Data records:

********************

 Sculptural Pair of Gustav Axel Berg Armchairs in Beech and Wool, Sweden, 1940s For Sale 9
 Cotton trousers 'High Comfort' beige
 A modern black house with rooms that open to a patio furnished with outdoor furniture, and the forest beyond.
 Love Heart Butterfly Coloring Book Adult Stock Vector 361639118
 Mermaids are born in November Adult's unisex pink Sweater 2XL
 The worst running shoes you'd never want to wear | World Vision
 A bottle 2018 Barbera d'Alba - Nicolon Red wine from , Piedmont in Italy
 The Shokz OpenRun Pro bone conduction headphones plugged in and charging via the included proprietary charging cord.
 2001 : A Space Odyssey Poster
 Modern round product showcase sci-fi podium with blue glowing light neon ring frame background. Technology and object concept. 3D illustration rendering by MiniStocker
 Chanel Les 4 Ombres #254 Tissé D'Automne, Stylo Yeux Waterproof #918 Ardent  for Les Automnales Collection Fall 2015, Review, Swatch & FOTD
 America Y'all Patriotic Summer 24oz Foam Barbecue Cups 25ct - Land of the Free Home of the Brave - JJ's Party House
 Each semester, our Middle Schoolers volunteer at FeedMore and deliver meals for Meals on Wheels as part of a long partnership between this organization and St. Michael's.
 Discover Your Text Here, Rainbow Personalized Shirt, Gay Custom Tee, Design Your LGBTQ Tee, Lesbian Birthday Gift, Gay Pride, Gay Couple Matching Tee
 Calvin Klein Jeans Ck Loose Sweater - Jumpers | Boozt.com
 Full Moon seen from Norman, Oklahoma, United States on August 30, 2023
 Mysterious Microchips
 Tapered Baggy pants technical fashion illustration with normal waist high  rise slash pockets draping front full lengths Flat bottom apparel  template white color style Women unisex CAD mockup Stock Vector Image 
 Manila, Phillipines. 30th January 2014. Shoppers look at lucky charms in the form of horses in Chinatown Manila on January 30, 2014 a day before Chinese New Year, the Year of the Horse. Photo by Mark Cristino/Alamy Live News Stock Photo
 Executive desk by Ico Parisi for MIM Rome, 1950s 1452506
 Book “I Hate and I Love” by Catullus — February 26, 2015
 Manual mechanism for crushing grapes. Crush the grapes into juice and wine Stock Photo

********************

__Task prompt__. State how many lines in the entries above include the word "from"; reply with the number alone.

__Reply to the exercise__. 2